Bone marrow transplantation, GVHD monitoring, flow cytometry, sorting, in vitro suppression assays, in vivo bioluminescent imaging (BLI), histopathology and statistical analyses were performed as previously described19,20 and are detailed in the supplemental Methods (available on the Blood Web site). PTCy was administered IP in previously published doses,21-23 as described in the figure legends. The differences in the dosing and timing of PTCy in various transplantation models were dependent on the differential sensitivity of various mouse strains to cyclophosphamide, particularly when administered after myeloablative conditioning.
Results
Absence of donor Tregs abrogates PTCy activity
Based on murine data in skin allografting models,24 the dominant mechanism by which PTCy has been thought to mediate tolerance induction is through clonal deletion of alloreactive T cells stimulated early post-transplant. Indeed, when we utilized a widely used CD8+ T cell–dependent GVHD model (C3H.SW→B6)25,26 in which CD8+ T cells are the only infused T-cell subset, PTCy effectively ameliorated GVHD (supplemental Figure 1A). However, when a more physiologic allograft was given of either whole T cells (data not shown) or CD8+ T cells and CD4+CD25– T cells together, we were unable to induce potent GVHD in this model as assessed clinically (supplemental Figure 1B). These results are consistent with prior studies27,28 and occurred despite using the same total numbers of CD8+ T cells in the donor inocula when given with or without CD4+ T cells. Of note, in the reverse B6→C3H.SW model, lethal GVHD could only be induced using physiologic allografts wherein both CD4+ and CD8+ T cells were given (supplemental Figure 1C).
In further experiments using the B6→C3H.SW model, lethally irradiated C3H.SW recipients were infused with TCD-BM alone or TCD-BM supplemented with whole or CD4+CD25+-depleted donor T cells. Consistent with prior murine and human studies in MHC-matched allografting,6,21,22 PTCy protected mice receiving whole T-cell grafts against GVHD and led to excellent survival (Figure 1A-B). In contrast, mice administered grafts depleted of CD4+CD25+ T cells had markedly worse GVHD even when treated with PTCy (Figure 1A). These identical effects were also seen when using CD4+ Foxp3+–depleted donor T cells sorted from B6.Foxp3RFP donors (Figure 1B and supplemental Figure 2A).
In a second MHC-matched, minor MHC antigen–mismatched model (B6→BALB.B), lethally irradiated BALB.B recipients were transplanted with TCD-BM and donor T cells from B6.Foxp3GFP donors.
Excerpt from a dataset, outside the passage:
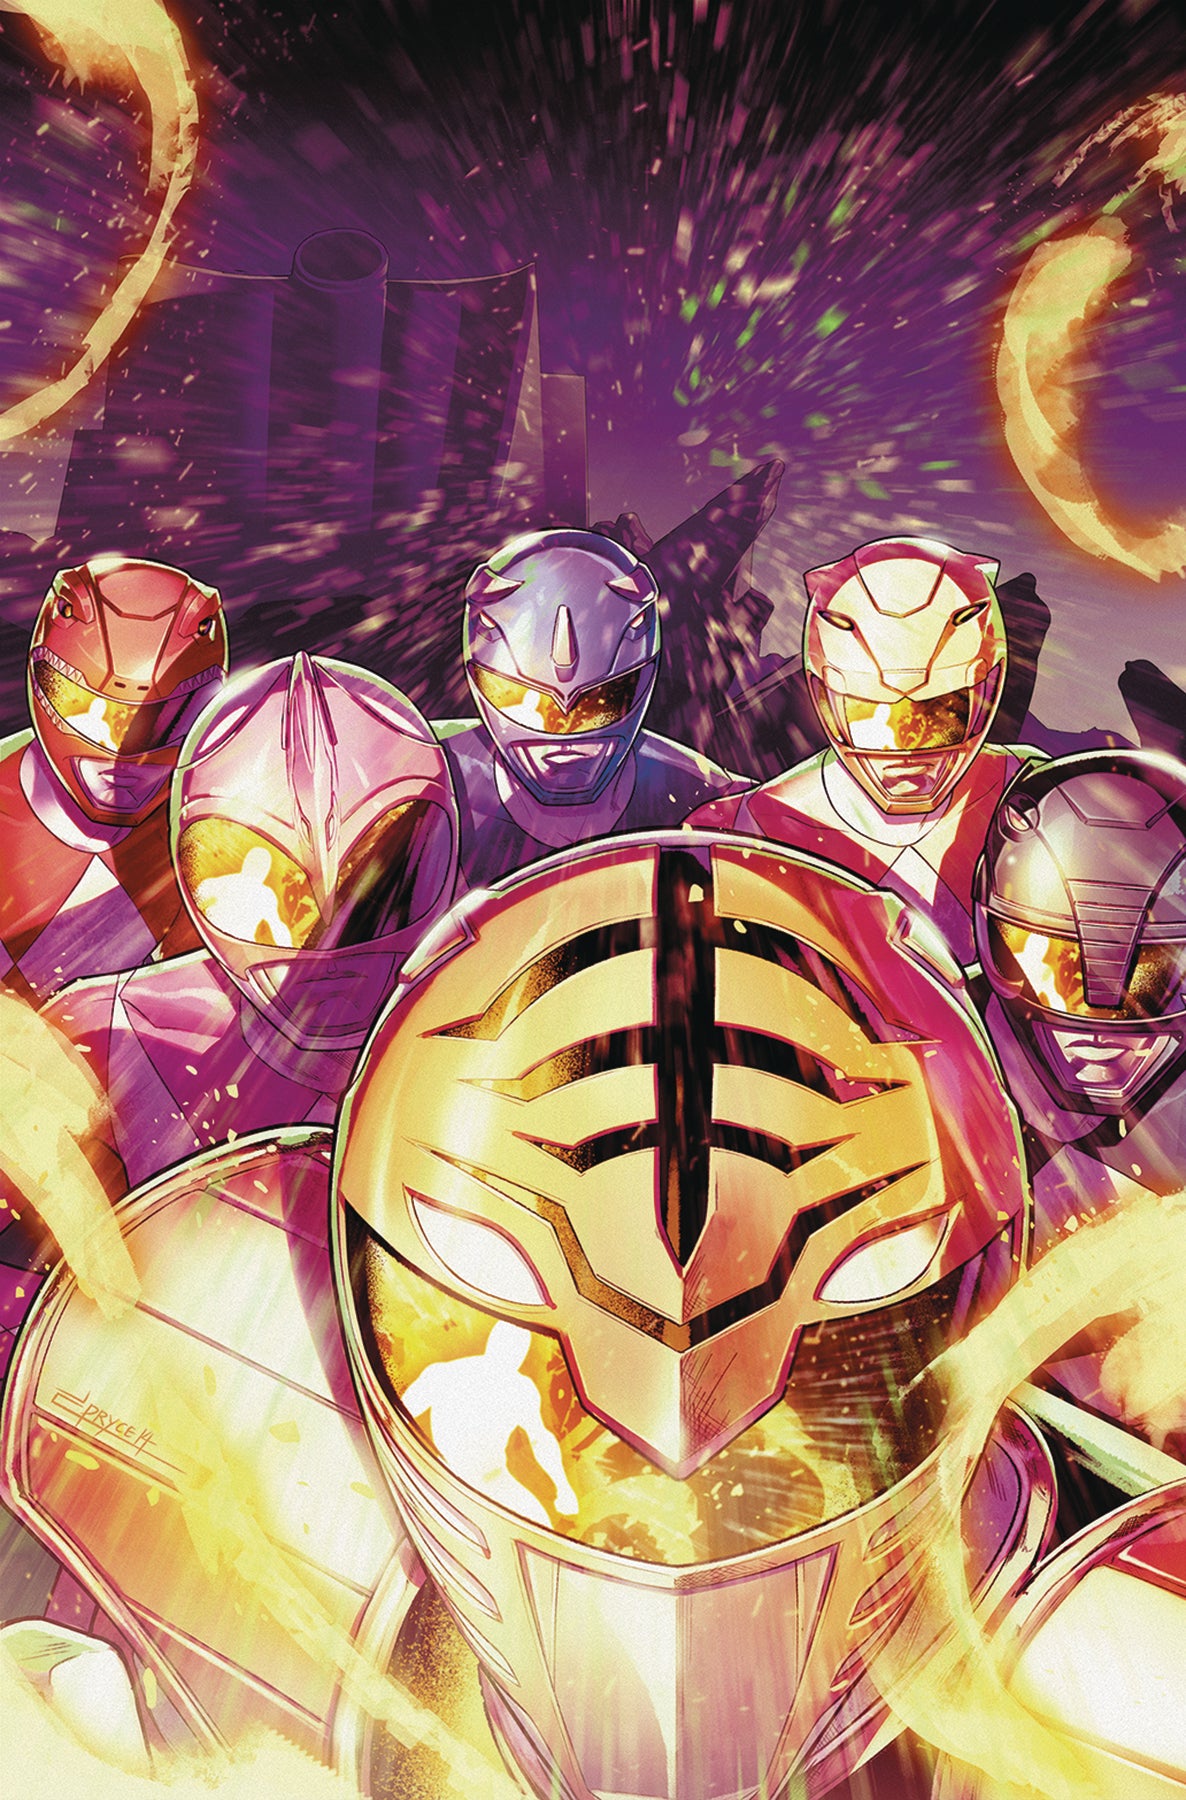 MIGHTY MORPHIN POWER RANGERS #51 CVR A CAMPBELL | Game Master's Emporium (The New GME)

Similar to that seen in the B6→C3H.SW model, PTCy was effective in preventing GVHD and maintaining survival in mice receiving whole T-cell grafts but not in mice receiving T-cell grafts selectively depleted of Foxp3+ cells (Figure 1C and supplemental Figure 2B). Notably, in both models, the GVHD scores of mice receiving Treg-depleted grafts before PTCy were slightly lower but statistically similar to mice receiving Treg-depleted grafts without PTCy. Overall, these results suggest a dependence on Tregs for the clinical efficacy of PTCy in these models. Based on similar effects observed in both models and the clinically relevant requirement for both hematopoietic and nonhematopoietic expression of miHAs for GVHD elicitation in the B6→BALB.B model,29 all subsequent experiments were performed using the B6→BALB.B strain combination.
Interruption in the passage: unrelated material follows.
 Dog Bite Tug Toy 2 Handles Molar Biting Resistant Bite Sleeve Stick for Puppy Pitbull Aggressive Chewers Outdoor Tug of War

Inducible depletion of donor Foxp3+ T cells before PTCy treatment accelerates GVHD
To further elucidate the contribution of donor Foxp3+ Tregs to PTCy’s clinical activity, we used as donors B6.Foxp3DTR mice that express the diphtheria toxin receptor (DTR) under the control of the Foxp3 promoter.18 In constructing chimeras (Figure 2A) to distinguish the origin of donor T cells, we relied on the differential expression of CD45 alleles. A near complete depletion (≥98%) of Foxp3+ cells was attained in the donor inocula by treating recipients with two intraperitoneal injections of diphtheria toxin (DT; 50 μg/kg) on days 0 and +1 post-alloBMT (data not shown). DT-treated recipients of donor inocula in which the Foxp3+ T cells were wild-type (Foxp3WT) showed similar GVHD clinical scores and survival as control chimeras receiving Foxp3DTR inocula but no DT (Figure 2B), confirming that DT specifically depleted Tregs and did not in itself exacerbate peritransplant toxicity. Similar to our prior results, B6.Foxp3DTR inocula recipients treated with PTCy remained alive and free of GVHD (Figure 2B). However, ablation of Foxp3+ T cells by DT resulted in clinically severe GVHD and increased mortality even when those mice were also administered PTCy (Figure 2B), again consistent with a dependence on the presence of Tregs for the clinical activity of PTCy.
PTCy treatment led to lower percentages of interferon-γ (IFNγ)- or IL-17A–producing CD4+ T cells and higher percentages and total numbers of Tregs compared with control mice when measured on day +28 post-BMT (Figure 2C-D), resulting in a low Teff/Treg ratio (supplemental Figure 3A). Interestingly, DT treatment before PTCy led to relatively high percentages of Tregs at day +28 post-BMT, but total numbers of these Tregs were much lower than was seen in mice receiving PTCy alone. Furthermore, mice treated with DT before PTCy had higher percentages of IFNγ-producing CD4+ T cells and a Teff/Treg ratio that was twice that seen in mice receiving PTCy in the absence of DT (Figure 2C-D and supplemental Figure 3A).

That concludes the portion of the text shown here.